Violence (part 1)

Recently, I saw a piece of a talk show in the Netherlands with some young environmental activists talking about climate change. One of them made clear that, according to him, it was legitimate to use violence (blocking roads or destroying a pipeline) when the violence against the earth will cause – in the end – thousands and even millions of people to die. He literally said this: “I think we have to reflect on what violence is. Is violence to blow up a pipeline? Or is violence not doing anything against the climate crisis, which will cause hundreds of millions of people to suffer and die? What is violence?”

Most comments below the video emphatically rejected both the declarations of the boy and the applauses he got, for “violence is never justified” (unless we’re talking about Ukraine, the brave Fanny Schoonheyt or the fearless Hannie Schaft, but we’ll just ignore them for the time being). Violence is never justified, according to politically correct Jan Smit.

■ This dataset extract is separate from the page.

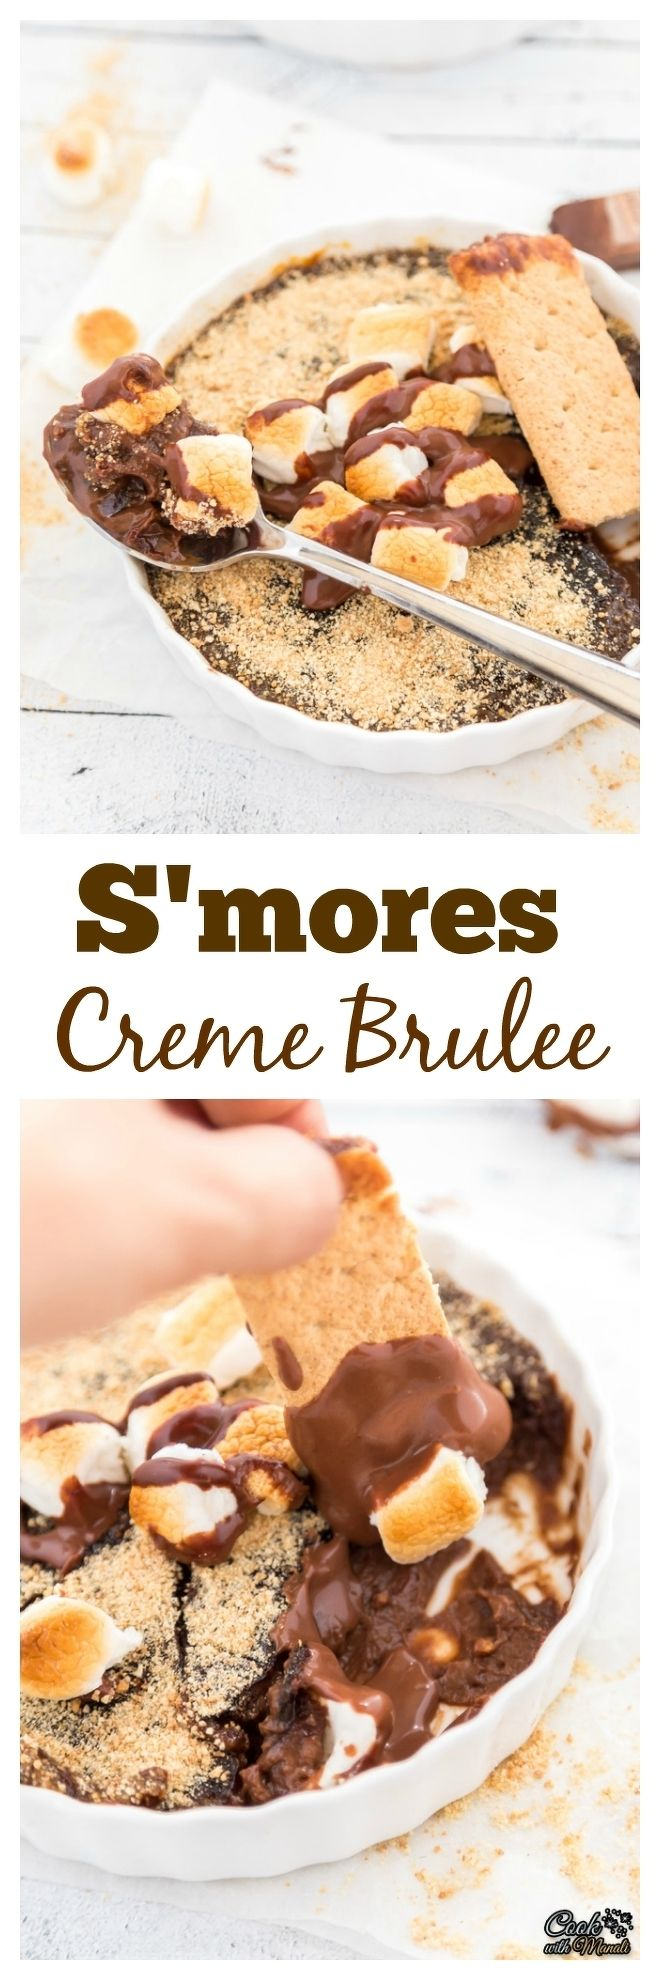 S'mores Creme Brulee Collage-nocwm

My mind immediately made the link to Johan Galtung’s theory about structural, cultural, and direct violence. According to this Norwegian sociologist and mathematician, one of the founders of peace and conflict studies, there are three types of violence that are interconnected, which is why they are usually represented in a triangle: structural violence, cultural violence, and direct violence.

Direct violence is physical or verbal violence, visible to anyone. Under the surface, there is structural violence and cultural violence. Structural violence comes from established power structures that exclude people from education, access to water, to culture, to housing, using repression and exploitation. Cultural violence is also called symbolic violence and is the legitimization of structural or direct violence, for example through racism or patriarchy. Cultural violence might not cause victims in a direct way but contributes to maintaining and justifying structural and direct violence. According to Galtung, it is not enough to silence the guns; if nothing is done against structural and cultural violence, then direct violence will, sooner or later, (re)appear.

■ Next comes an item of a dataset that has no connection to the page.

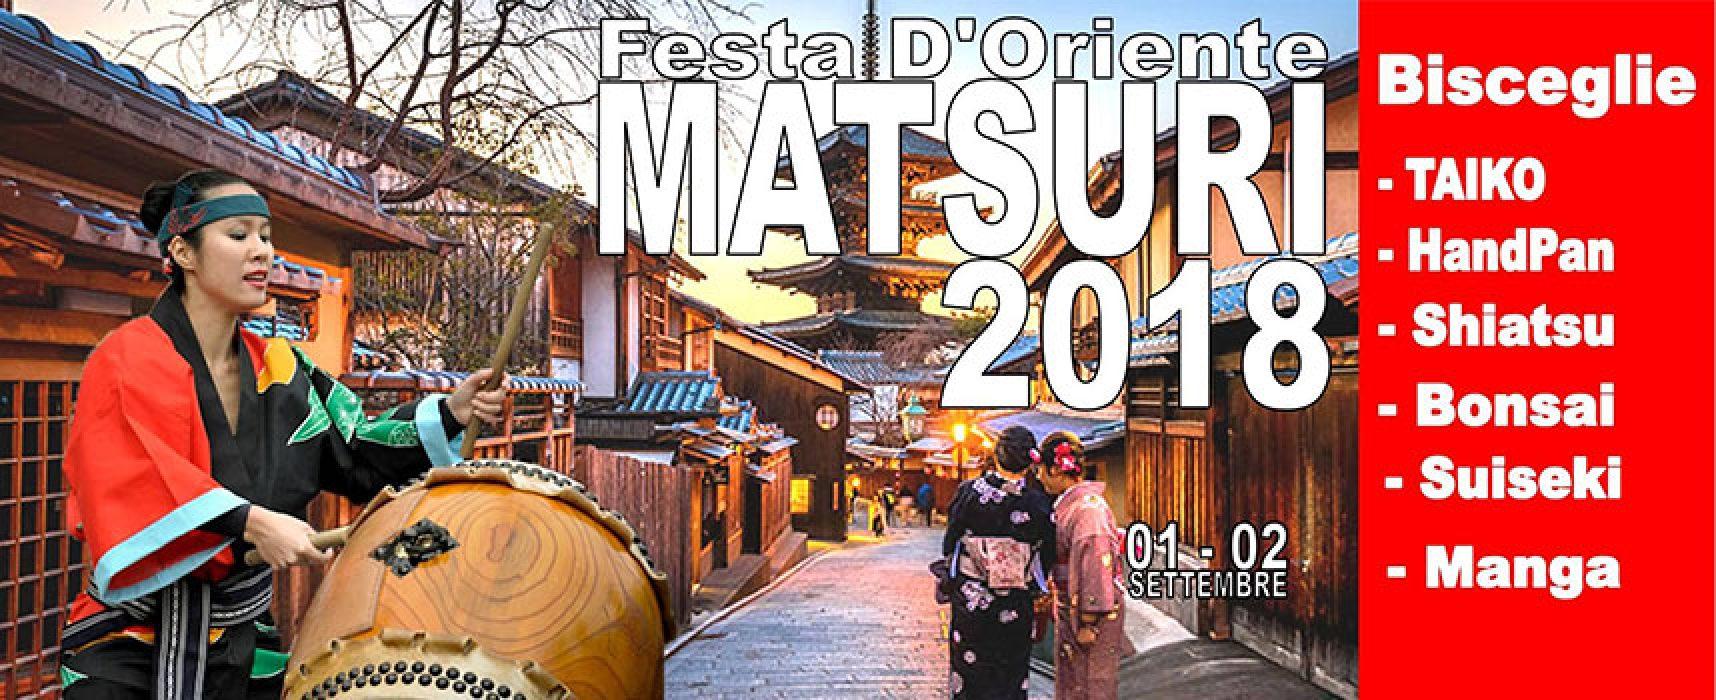 Matsuri Festival d'Oriente, la cultura nipponica approda in tre serate a Bisceglie

I remember us (the FARC) talking on many occasions about structural violence, about how inequality, hunger, lack of water and poverty – “the structural causes of the conflict” – had to be resolved in order to be able to build peace and I recall the media labeling us as cynical. This kind of narrative was inadmissible, we were told. It was understood as if the Farc were trying to justify direct violence on our side (killings, kidnappings or attacks), while to us it was just an explanation of how we perceived our struggle and where it originated, and how there are different kinds of violence with no form of violence necessarily being worse or better than others.

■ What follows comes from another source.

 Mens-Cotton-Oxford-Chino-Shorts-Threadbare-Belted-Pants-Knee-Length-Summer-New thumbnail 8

My point is that people seem shocked by direct violence, as it is visible to the eye, while they care less about structural or cultural violence. The woman who shoots at her husband after years of enduring his physical and psychological violence is generally perceived just as wrong as domestic violence itself. Blocking a road because you are demanding a stop on fossil subsidies is “just as bad” as promoting fossil subsidies. Because people say it is not the way in which civilized people should respond to structural violence. Structural violence in the end may end up making more victims than any direct violence has ever done, but to most people that doesn’t matter. It is often long-term violence, it is not that clear who bears responsibility and neither is the number of victims. We don’t see it, we don’t understand it, so let’s ignore it.

In Colombia, the Misak indigenous community took down the statue of Sebastián de Belalcázar, a Spanish conqueror, in 2020. After centuries of structural violence against indigenous communities, many people in Colombia were shocked by such barbaric behavior from the Misak people. Public indignation was zero regarding structural violence against the indigenous: historic extermination and, today, racism. But when there is a response of direct violence, it is presented as an irrational event, vandalism for no reason. Again, the message is: “Yeah, of course we all know that racism is not ok, and we should work on that, BUT THERE ARE OTHER, MORE CIVILIZED WAYS, OF EXPRESSING THAT. You may peacefully protest, you may use the law, you may vote: these are the instruments we provide whenever you don’t agree with what we’re doing. Violence is not the way”. AS IF RACISM WEREN’T VIOLENT. AS IF POVERTY DIDN’T KILL.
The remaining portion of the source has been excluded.